With data purification, all we need is now the lead digit. Suffice it to say that there's a bit of Flooring and a use of IntegerLength, but altogether, simple to do with Map.

Finally, I just Tally the lead digits, SortBy the First element, Map again to get the first value of each sublist, then BarChart it!

Short and Simple!

If interested in the BarChart generator:

You guessed it! Map it with another parameter for BarChart for ChartStyle -> #. Again, the # signifies the entry point for the various elements to loop through, which would be included under: ColorData["Gradients"].

Voila!

The actual Bar Graph:

The Data works out so that--in numerical order from 1-9: {0.25974, 0.160173, 0.125541, 0.142857, 0.103896, 0.0692641, 0.0519481, 0.0519481, 0.034632}. Benford's Law Holds! 1 is approx 30%, and 9 is < 5%, and the GDP per Capita's of almost all the countries in the world (minus 8 rebels) decreases appropriate to the Benford Distribution (except 4...)
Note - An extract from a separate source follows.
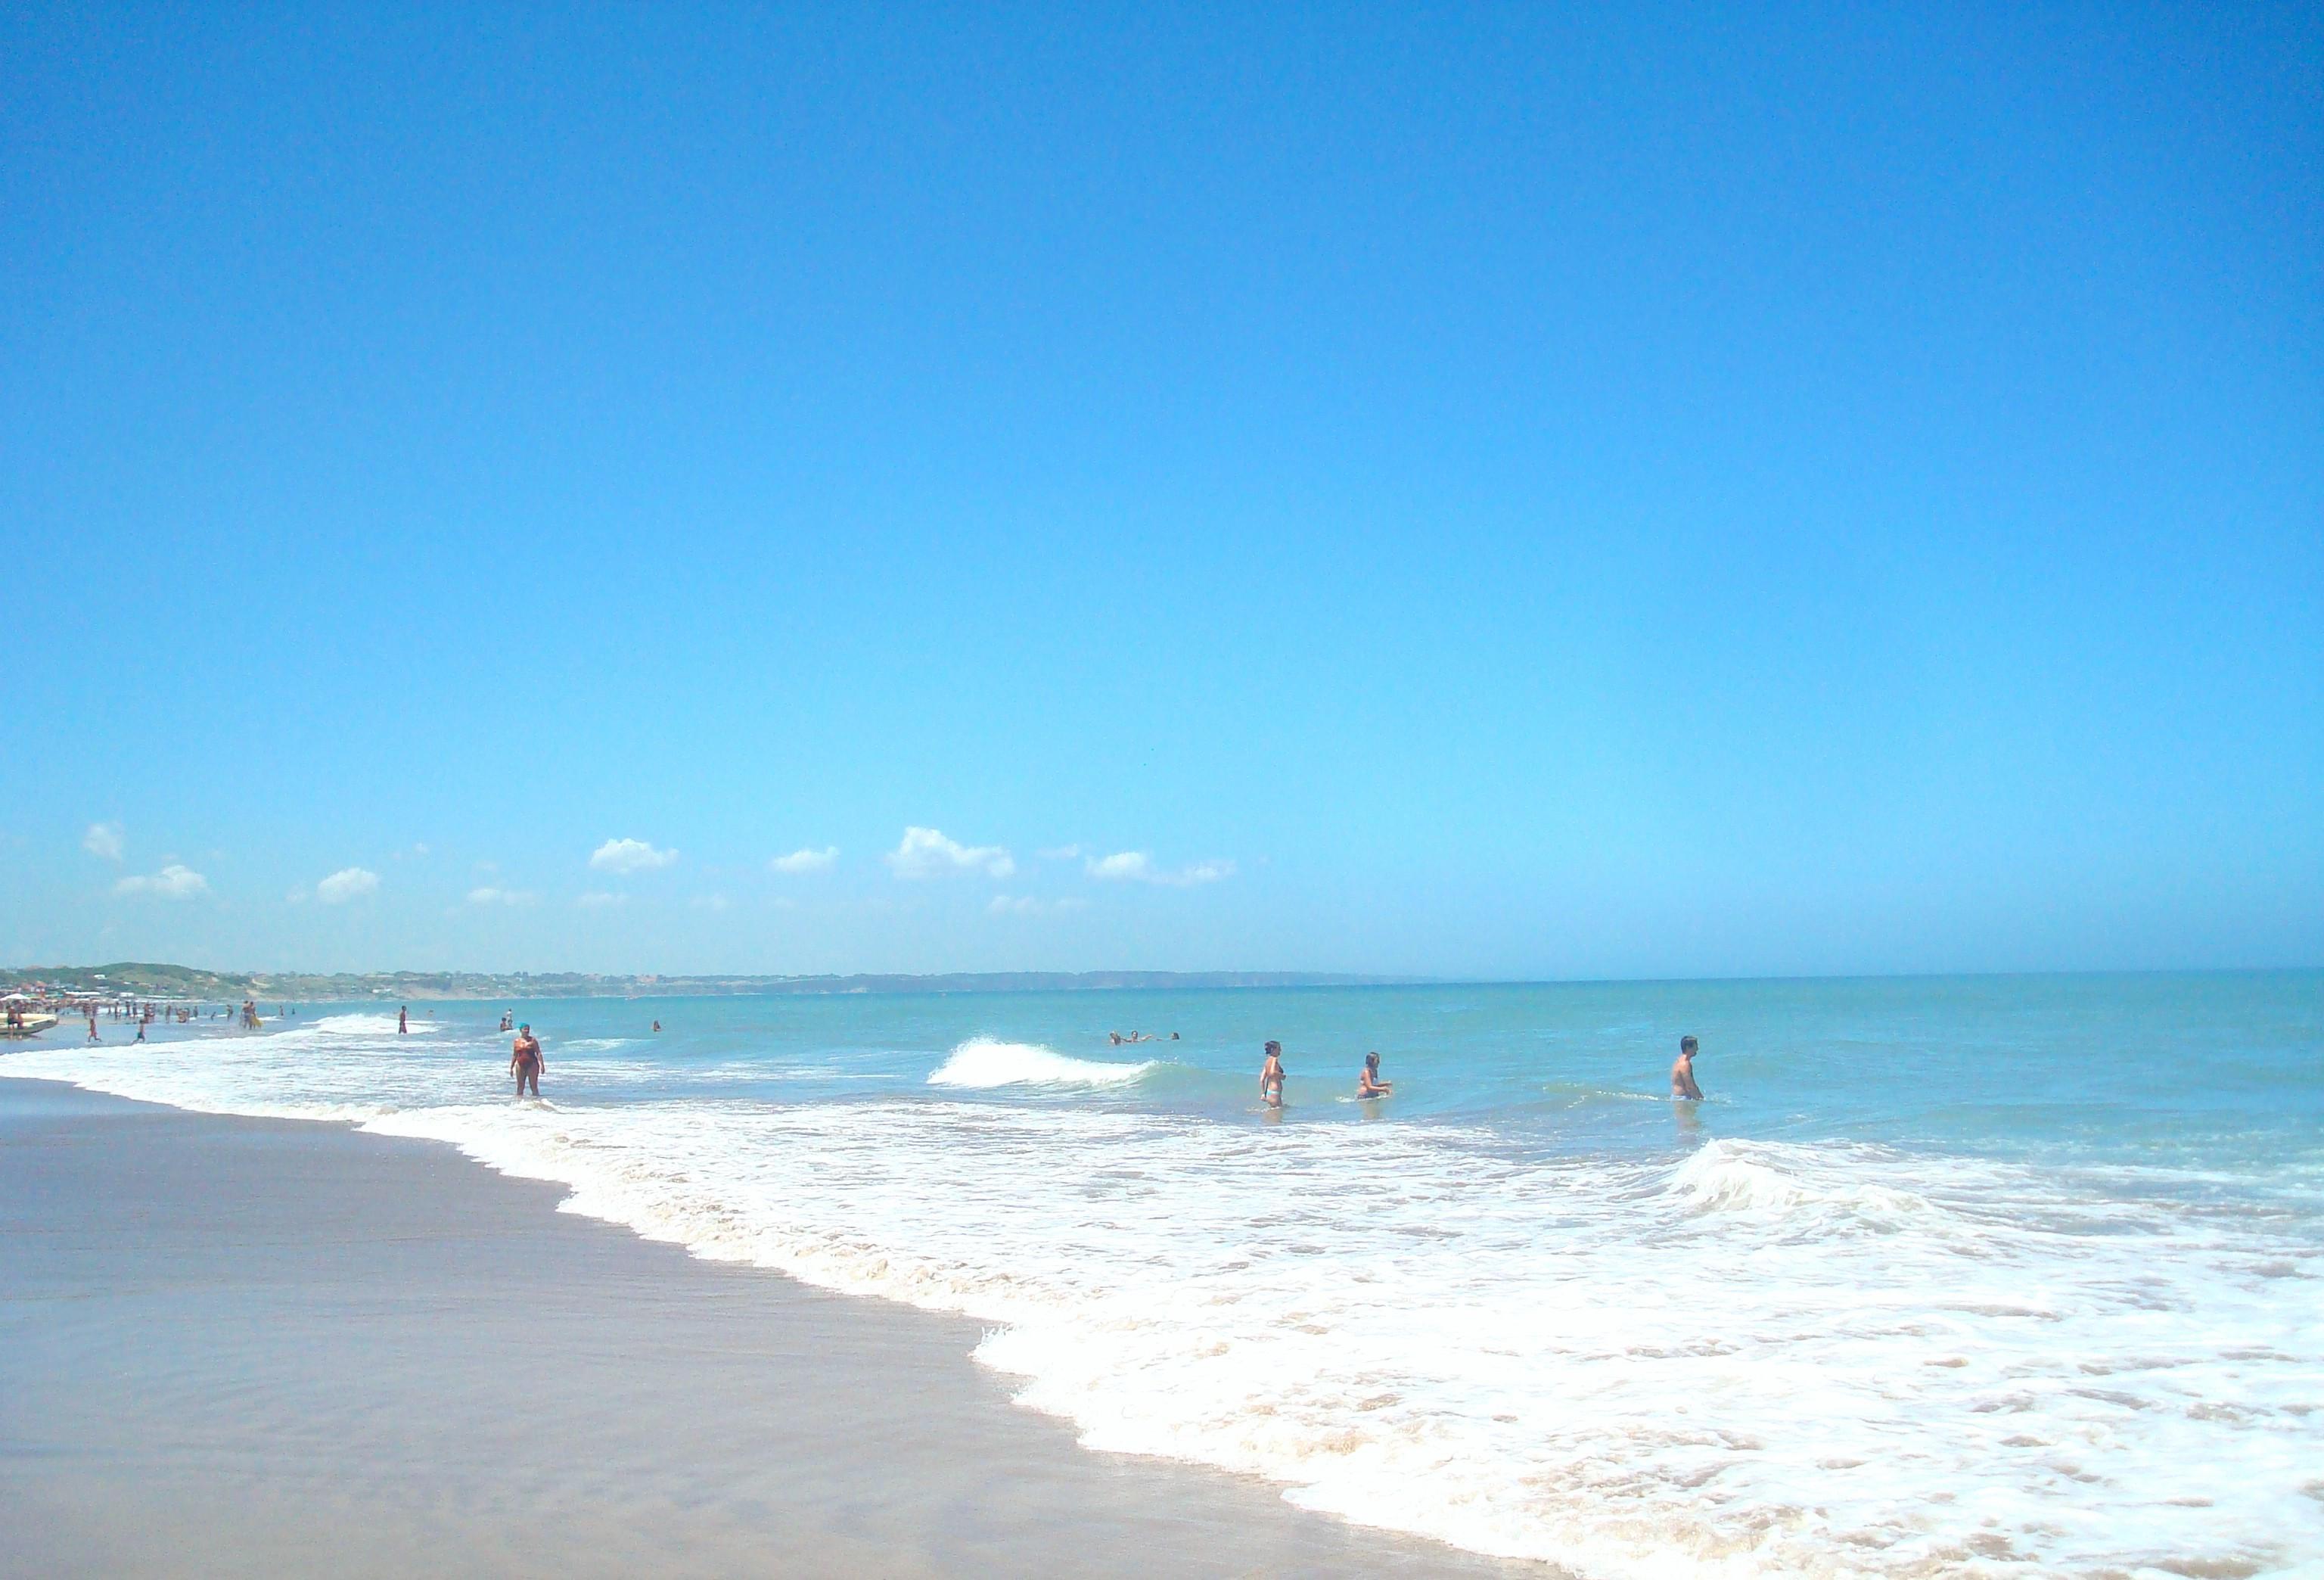 Big pljazh mar del plata v agrentine 2 e1364598274597

A Benford Distribution should follow approx: {0.301, 0.176, 0.125, 0.0907, 0.079, 0.067, 0.058, 0.051, 0.046}

Saturday, April 9, 2011

GDP and Latitude!

Apparently, there's some correlation between Latitude and GDP. I found out about this recently, and I don't think I've ever posted my results up here (potentially since the results were disheartening).

Anyways, it wasn't hard at all. It's a lot of data-pulling though: CountryData, CityData to get the results.

Method!

Make a Module so you can repeat this process several times for all the countries--I love how computers can be such assiduous workers. Macs are by far more reliable though, compared to PC's that can get corrupted or burn out easily. Anyways, I confess I digress; moving on!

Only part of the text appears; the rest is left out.